══ Collected data ══
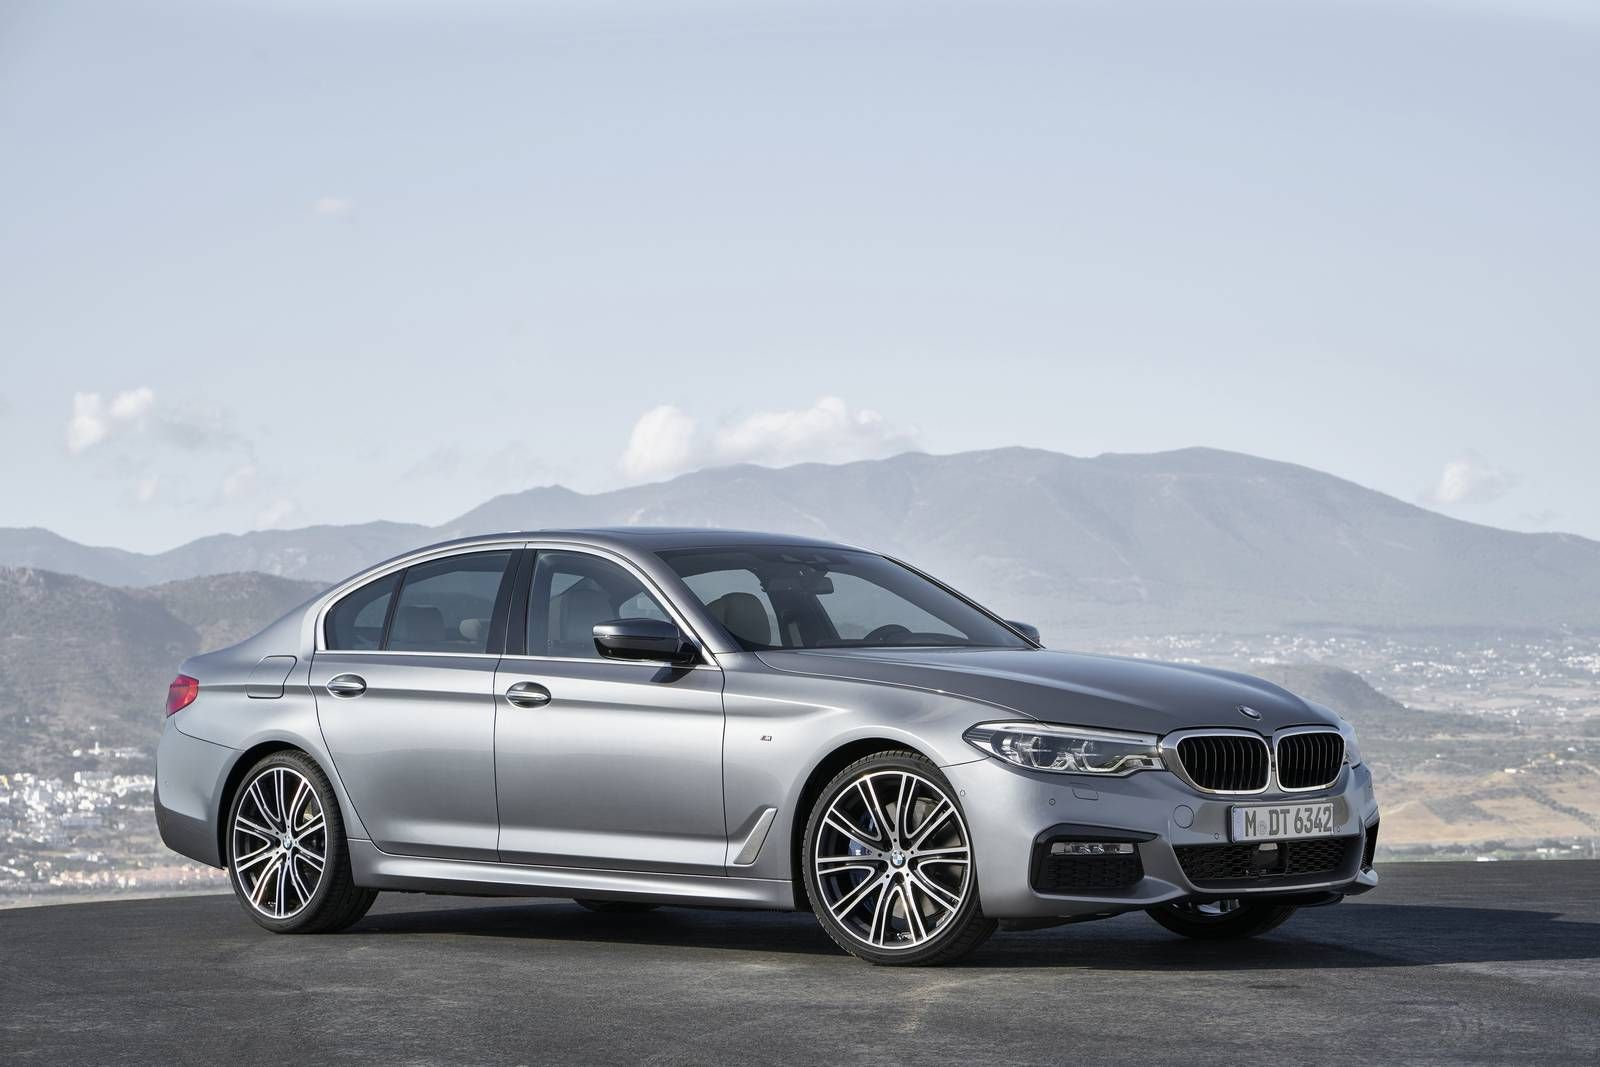 BMW Convertible bmw 5er g30 Official: 2018 BMW G30 5 Series - GTspirit   best design ...
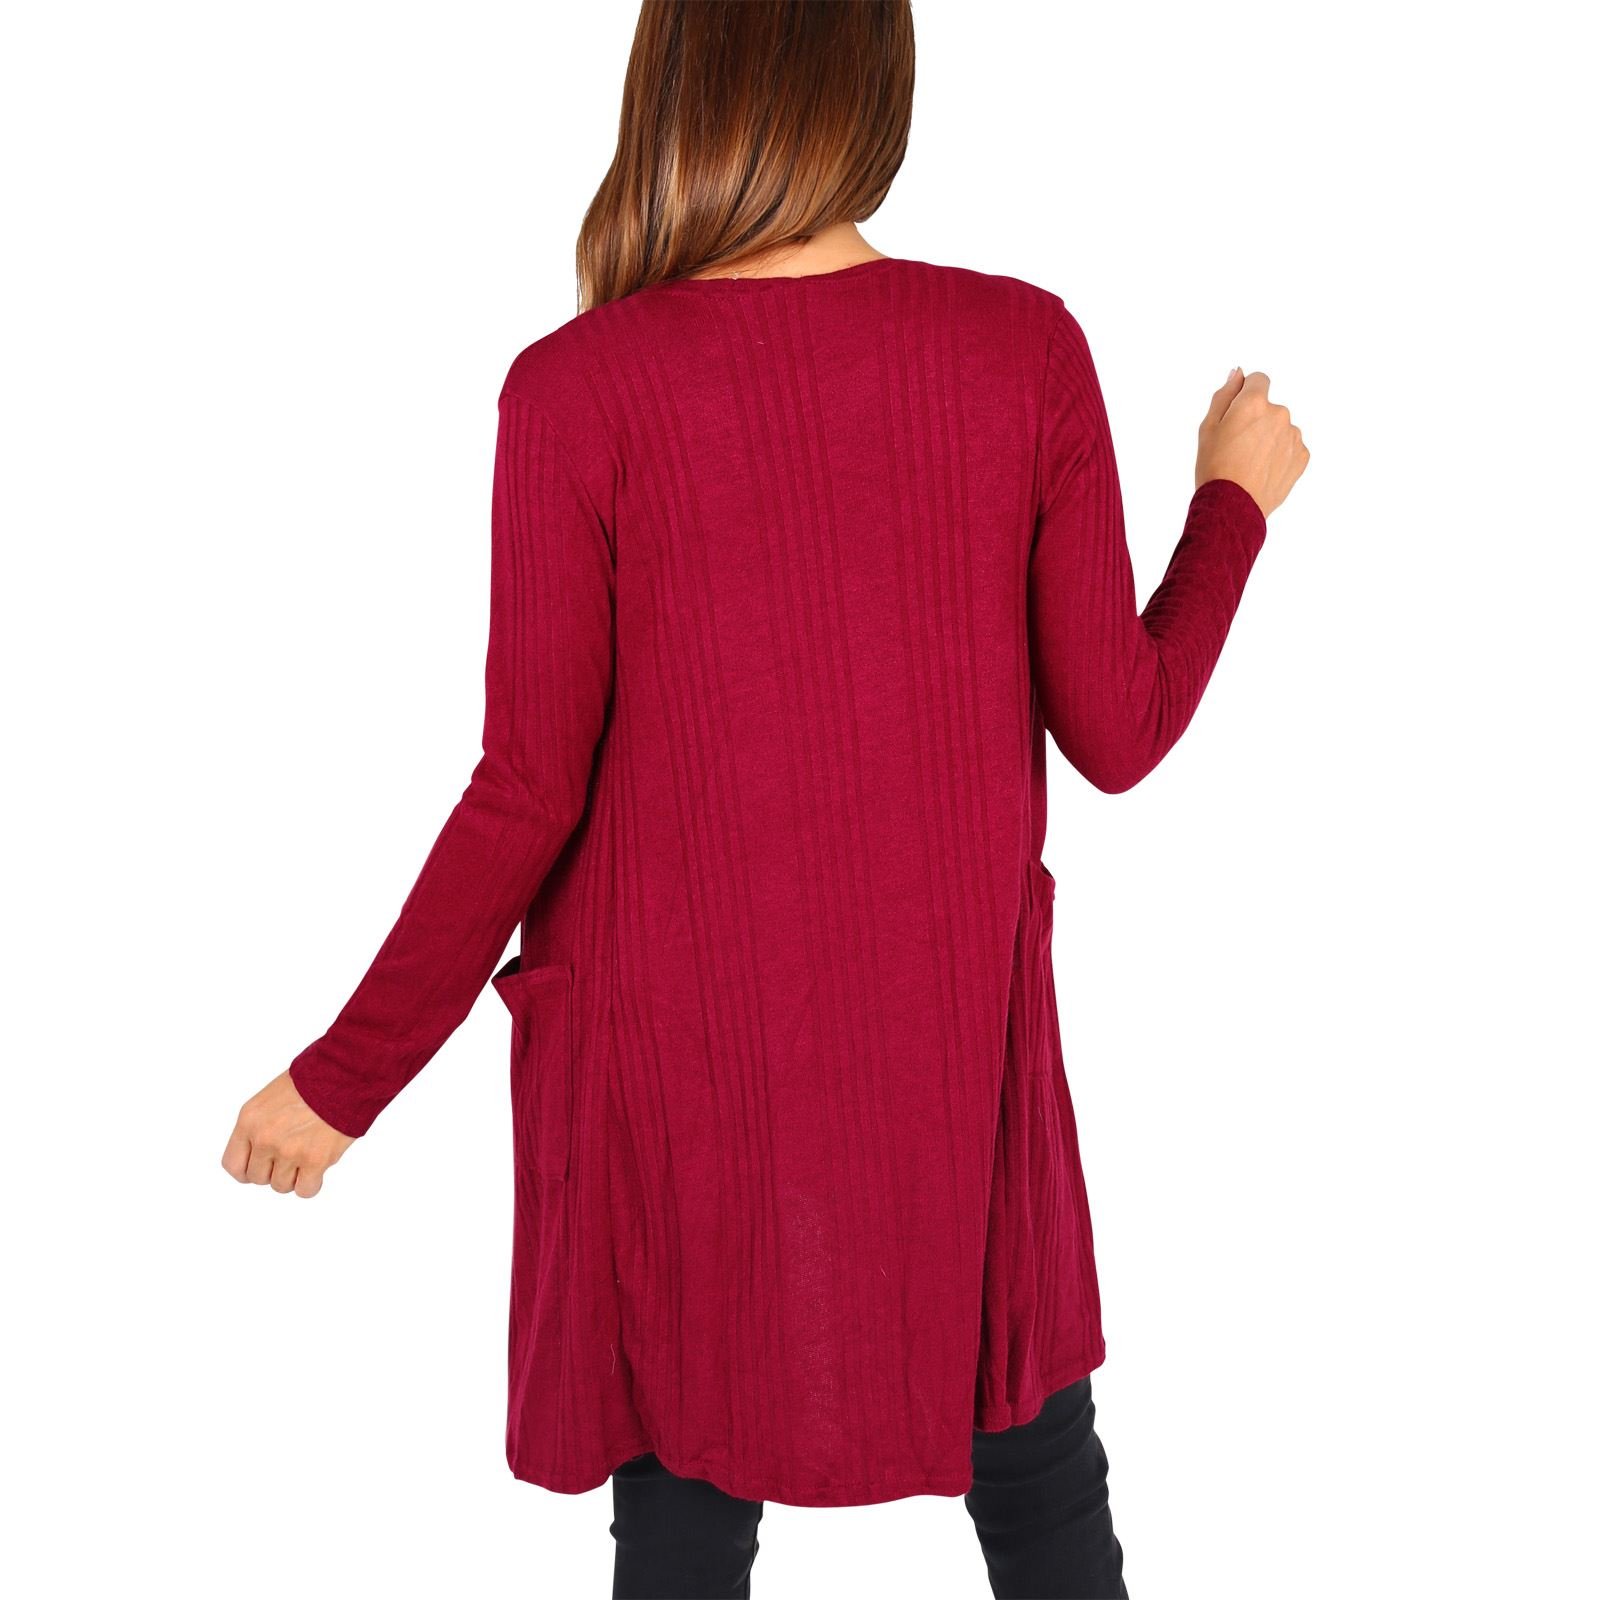 Femmes-Cardigan-Gilet-Long-Manches-Longues-Elegant-Mode-Basique-Casual-Jumper miniature 3
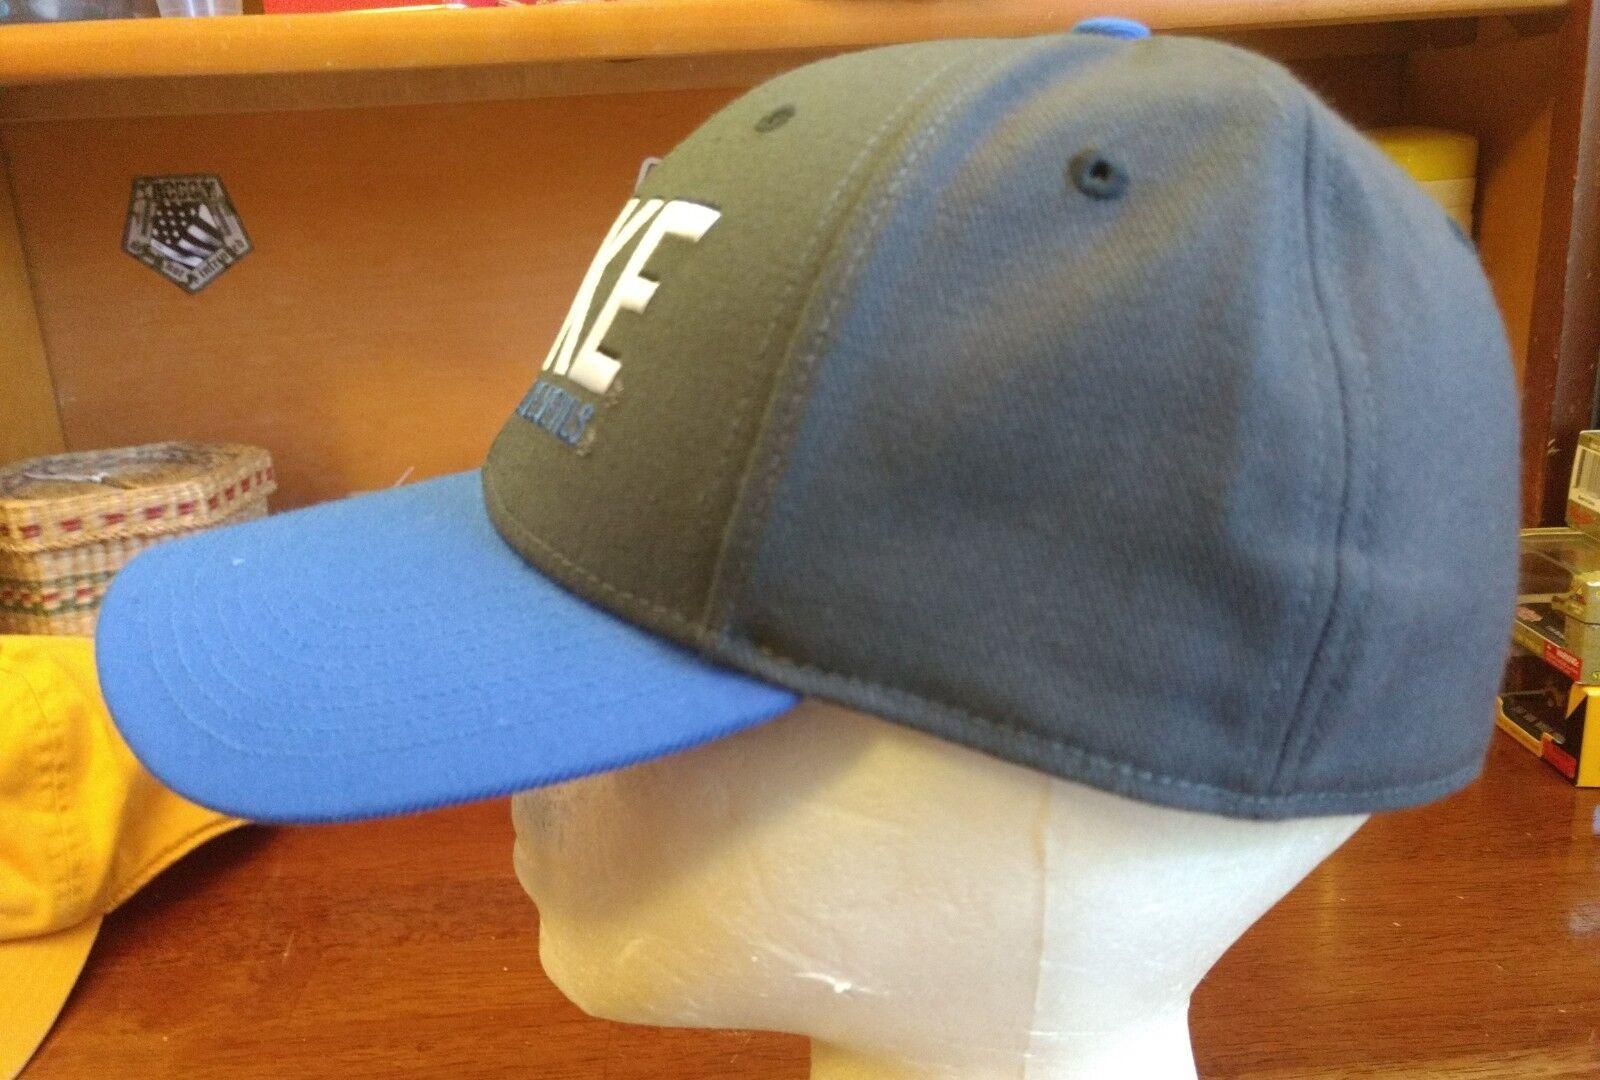 newest e059c e44d5 ... order nike duke blue devils legacy hat 91 dri fit one hat legacy d41dd5  d9b99 a6f40
═══
# Task details:
Before you return the listing, strip out its pictures; all else must match exactly.

# Response to the exercise:
 BMW Convertible bmw 5er g30 Official: 2018 BMW G30 5 Series - GTspirit   best design ...
 Femmes-Cardigan-Gilet-Long-Manches-Longues-Elegant-Mode-Basique-Casual-Jumper miniature 3
 newest e059c e44d5 ... order nike duke blue devils legacy hat 91 dri fit one hat legacy d41dd5  d9b99 a6f40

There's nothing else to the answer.